I think what I was looking at was the result that has been often observed,
that progress in AI research roughly tracks with hardware developments.
Looking at AlphaGo to AlphaZero to MuZero. Training time for self-play
increases. But parallelism in the tensor units of the hardware is an order of
magnitude faster. It's great for problem domains like autonomous vehicles,
contactless payments in retail stores and fraud detection in the data center.
But what about generalizability? What about the black box communicating how it
has learned? Will it be suitable for next-gen applications like robots
designed to assist humans in space expansion?

I attended an event in NYC around the creative use of AI by a new breed of
emerging artists like Mario Kliegmann from Germany. ArtBreeder can train a GAN
on a single input sample and generate paintings in the style of Fragonard or
Picasso or Rothko. And someone made a remark along the lines of: "if this had
existed in the 1960s, we wouldn't have need Warhol to invent Pop Art!". But in
reality, Andy Warhol experimented with a wide variety of media and techniques.

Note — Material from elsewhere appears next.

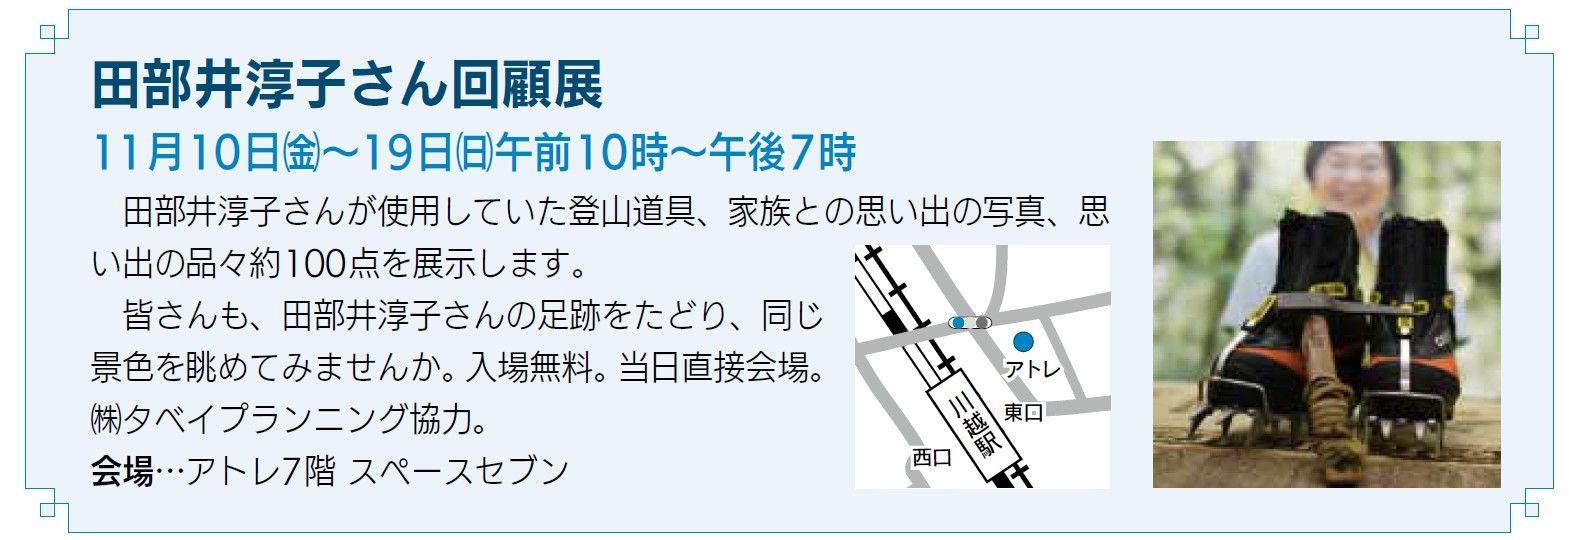 田部井淳子回顧展in川越

From film to "oxidation art". And it struck me that was the truly creative
part of the process. One that arises from a place other than rational
optimization on a single task or even multiple known tasks.

------
arkadyark
This looks super cool! Prof. Finn has been doing a lot of interesting research
in RL and meta-learning for several years, it's great to get a chance to learn
this material directly from her.